(Beginning of Source data)

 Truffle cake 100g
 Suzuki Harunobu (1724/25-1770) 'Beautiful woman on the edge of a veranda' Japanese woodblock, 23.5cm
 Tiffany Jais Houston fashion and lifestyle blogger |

(End of Source data)
(Beginning of Source data)

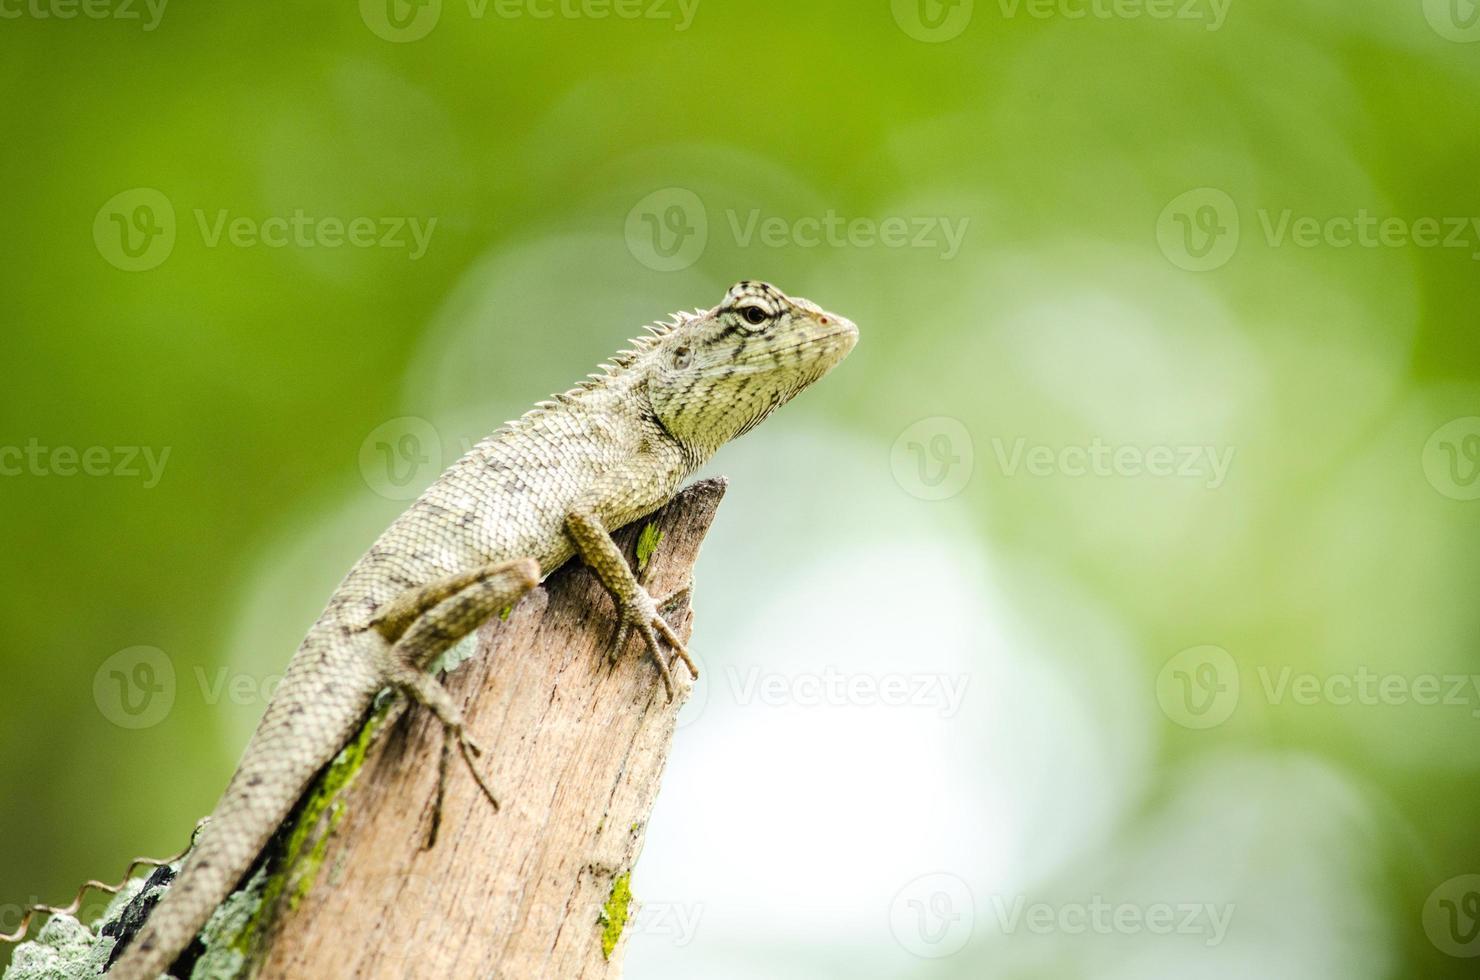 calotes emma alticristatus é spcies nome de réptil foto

(End of Source data)

** Work required **
Reproduce exactly, and only, the part of the listing above that begins at the line with "Truffle cake 100g" and goes on through the line with "Tiffany Jais Houston".

** Your response **
 Truffle cake 100g
 Suzuki Harunobu (1724/25-1770) 'Beautiful woman on the edge of a veranda' Japanese woodblock, 23.5cm
 Tiffany Jais Houston fashion and lifestyle blogger |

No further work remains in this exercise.